Although there are repeated threads and distinct local media and materials, there is no signature local style boxed and ready for export. It’s more complex than that. The “Baltics” are something of a Soviet construction; they’re forged together because of recent history, not because of shared consciousness. With spotty trains and narrow roads, it takes a long time to get around the area. But, of course, the Baltics are real—psychically and physically—and a natural market for ideas. It makes more sense to think of the region as a crossroads linked by similar and simultaneous experience—one that spent the past decade defining what it is not. The region, which started from zero, is now more or less broadband wired, looks to the future, and is beginning to see real results.

It has also a design atmosphere marked by youth; sure, some veterans are going strong like Õunapuu and furniture maker Maile Grünberg—who’s got a great mod take on bent plywood veneer. Even Bruno Tomberg, perhaps the region’s premier design thinker and founder of the first contemporary design school in the Soviet Union in the late ’60s, wryly calls himself a relic. “I’m retired,” he says with a laugh. Most designers here are in their 30s and running their own show. Triin Ojari, editor-in-chief of Estonia’s main architectural journal, Maja, is 32; Kai Lobjakas, curator of the local design museum, is 31, as is Karin Paulus, design critic of the influential weekly Eesti Ekspress. Everyone goes to the local art academy and there are opportunities waiting for graduates. All
of this has an impact on style, what gets made, and what it will look like.

“We like simple and minimalistic things,” says Ilona Gurjanova, a graphic artist whose work was once scrutinized by Communist Party art bosses for illegal national colors. “We are harmonic there.” True enough, agrees Tarmo Luisk, a mischievous 36-year-old designer best known for his chic, industrial lamp making. “But we’re not Finns. For Finns, Estonians are too crazy,” he says. As someone who once hijacked a show opening with an impromptu karaoke session, he’s got a point.
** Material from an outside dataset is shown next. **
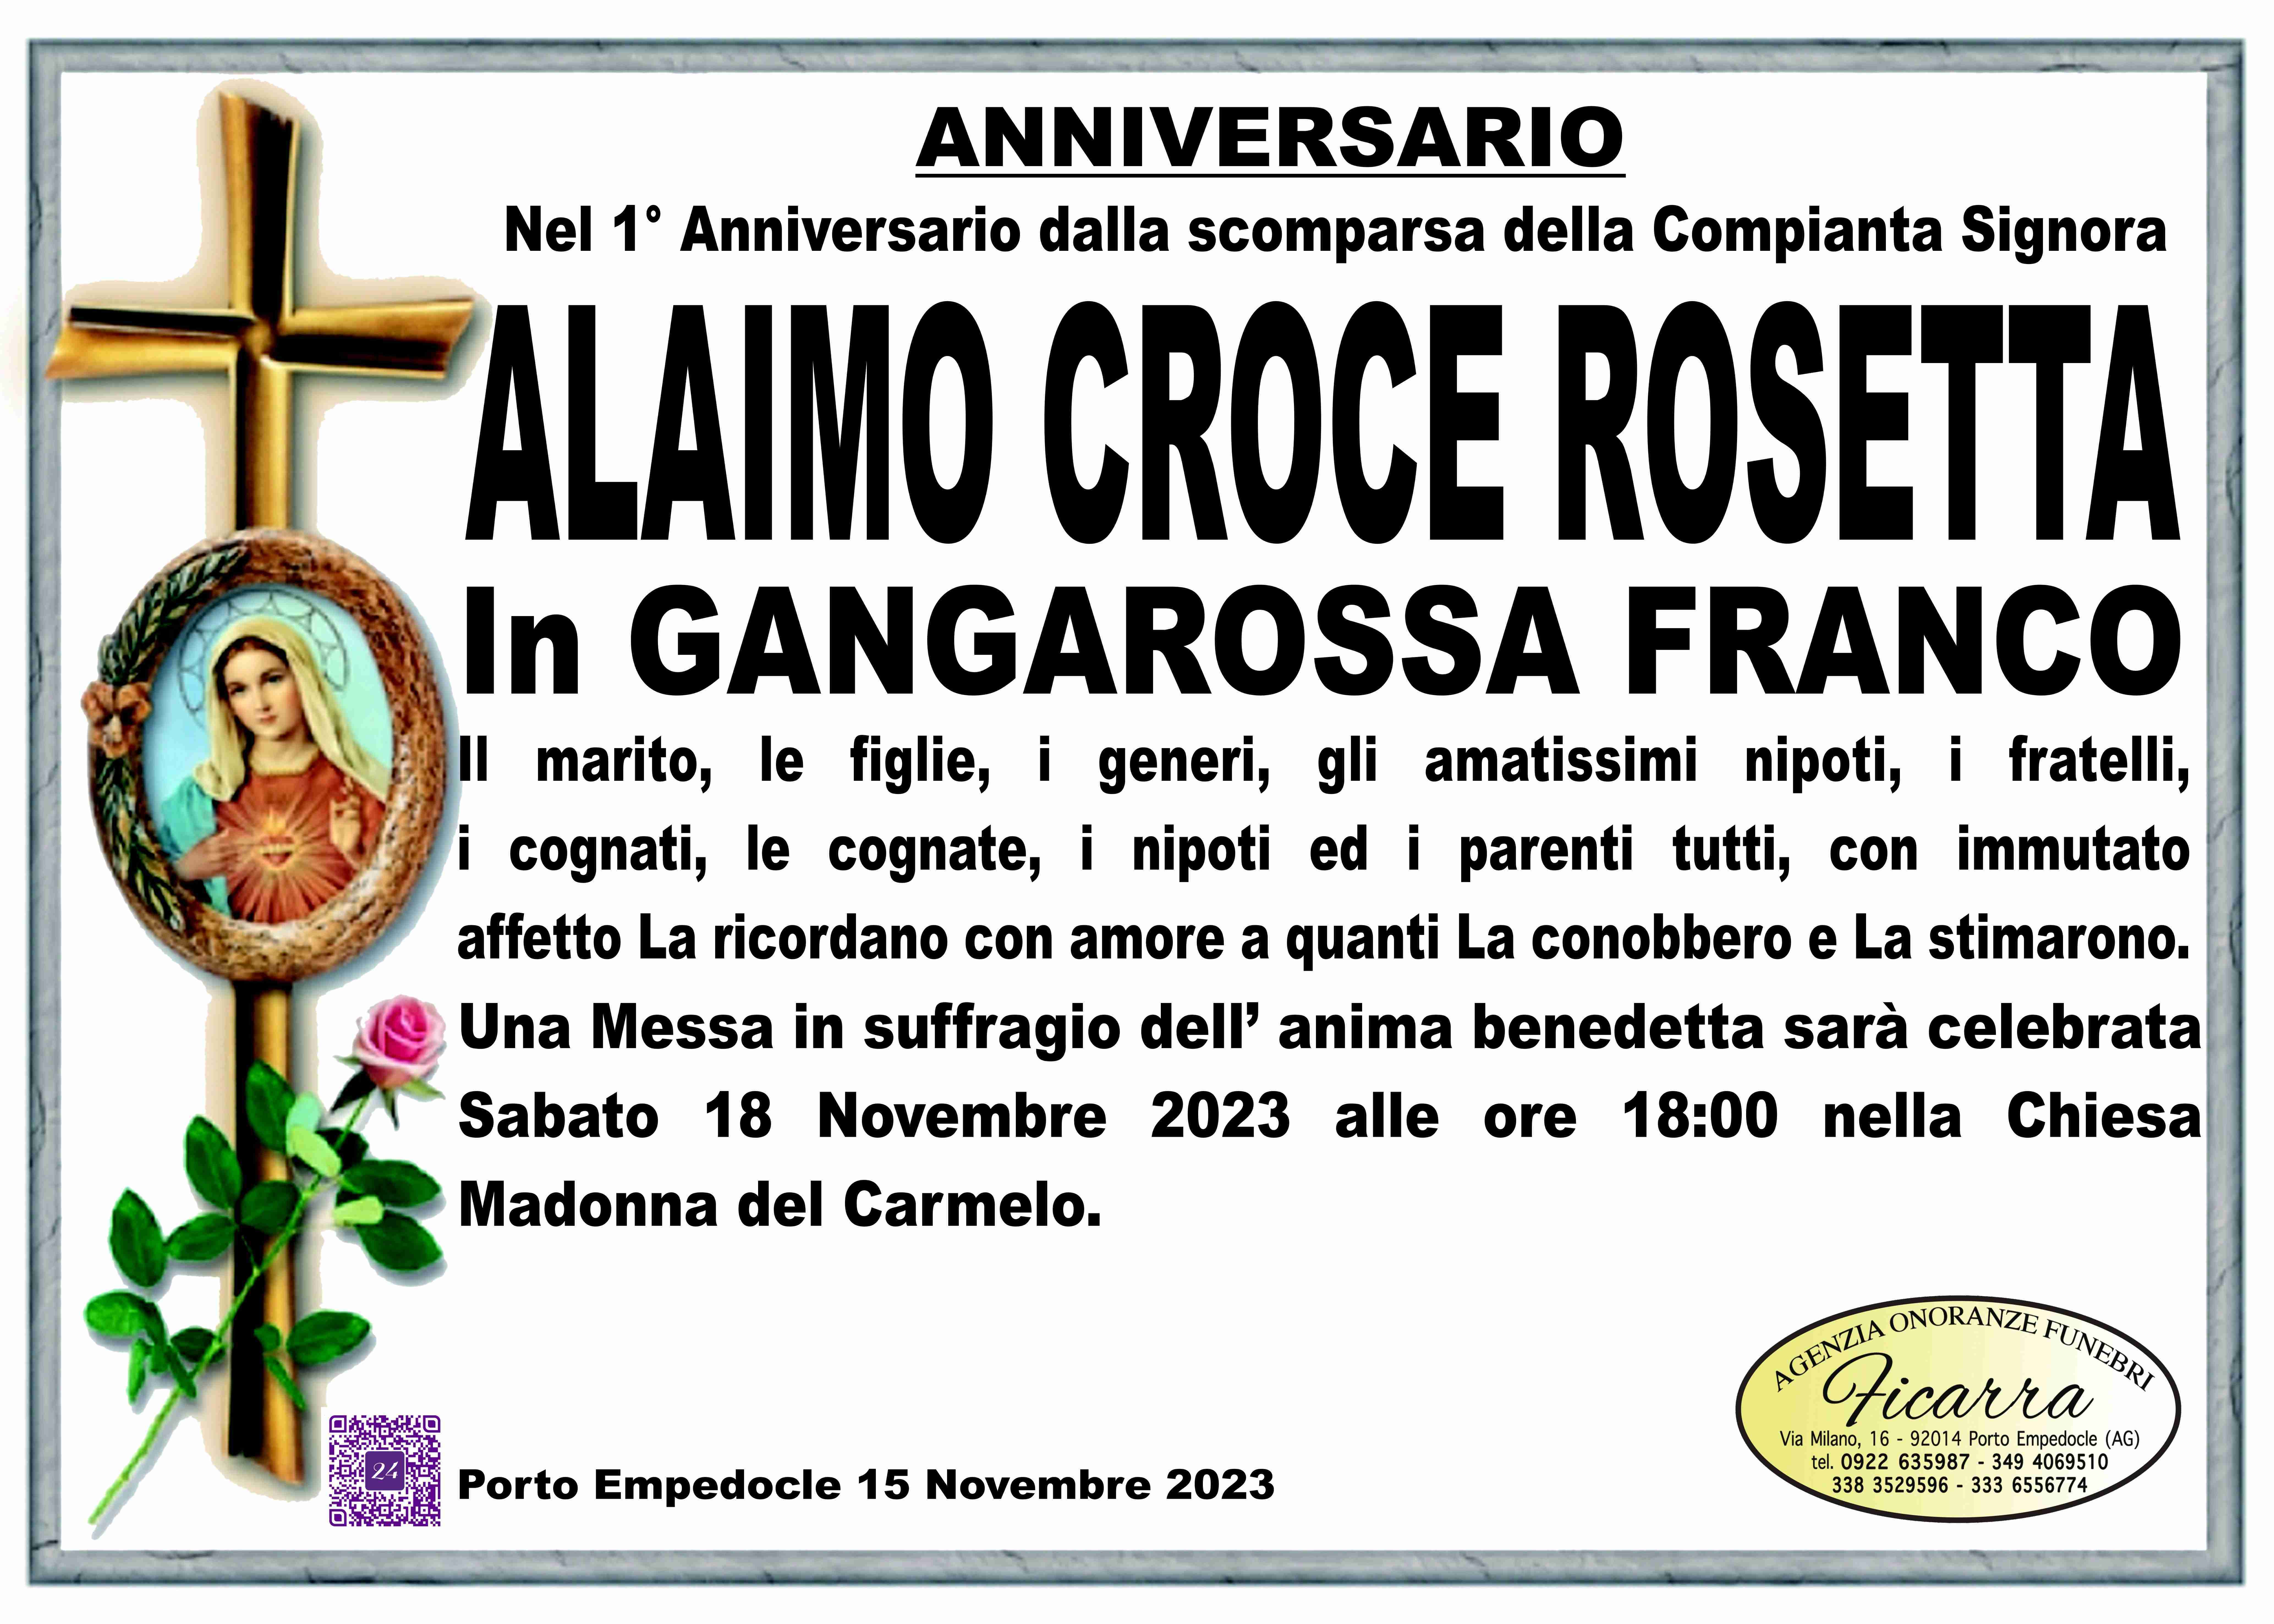 Croce Rosetta Alaimo
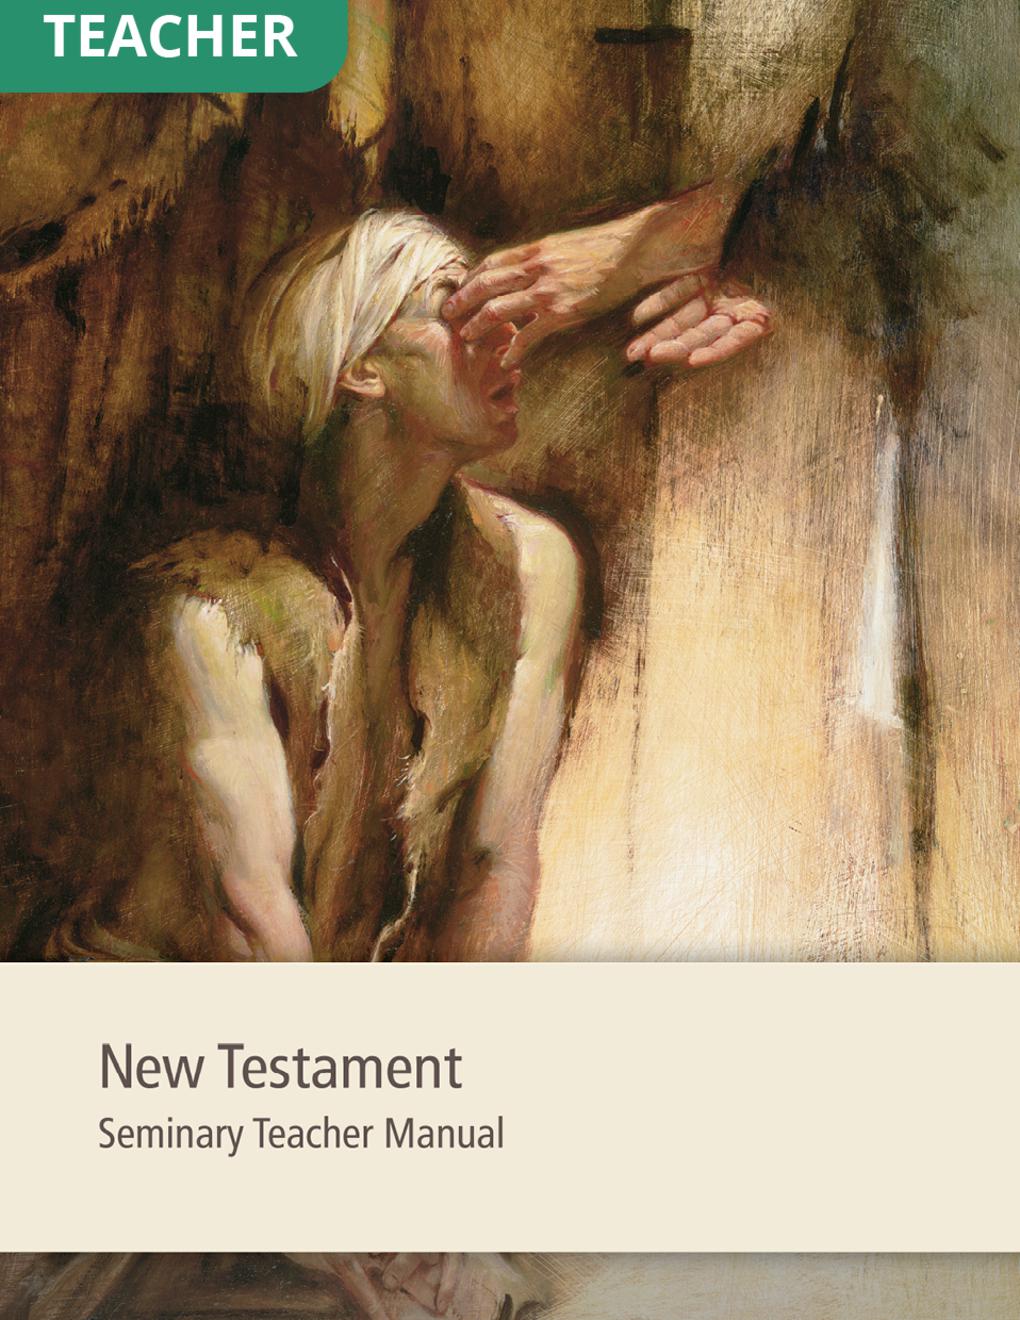 New Testament Seminary Teacher Manual

It takes two days to drive the 400 miles south from Tallinn to raw, dusty Vilnius, stopping at the more staid Latvian capital, Riga. Both places have a very different feel but share this sense of experimentation. It’s a little harder to hear about the scene in Riga (at least for this writer, perhaps because everyone seemed to be on holiday at the same time), but the architecture in both the small urban center and further afield is gaining regional notice, especially from the likes of the Sarma & Norde, Arhitektonika, and Arhis architecture and design studios. And not everything Latvian is practical and calm: Interior designer Agris Dzilna, for instance, is known for his dramatic fire-sculpture performance pieces with Akciju Sabiedriba, of the Action Society.

In Lithuania, the new design base gathers in galleries and at a studio/store in Vilnius called Contraforma. “A lot of new companies here are looking for an identity. They’re trying to use design now for that purpose,” says furniture designer Darius Cekanauskas. When 34-year-old furniture designer Nauris Kalinauskas started Contraforma with his partner, Egle Opeikiene, it was to recognize and encourage new materials and thinking, and to focus this growing energy. Kalinauskas explains, “Basically, we want to help young designers to communicate with manufacturers, to find the best way to present progressive design projects in the world.”

What’s happening across this chilly region, marked with pine, birch, sea, and snow is that many young voices are gaining sure footing at once and are able to get products and buildings made.

But more important than forging rules for a regional look is that there’s more work than dogma. “Maybe it’s better that there are no father figures, no models here,” Karin Paulus says. “It’s more free.” That could have something to do with the reception given to Tallinn’s new landmark, the Kumu Art Museum, designed by Finnish architect Pekka Vapaavuori. On the one hand, it’s a striking affair, a sleek, impressive, and important building; on the other, the local take is that it’s merely okay. “It uses limestone and copper, local materials, classical shapes,” Triin Ojari says. “It doesn’t say anything new.”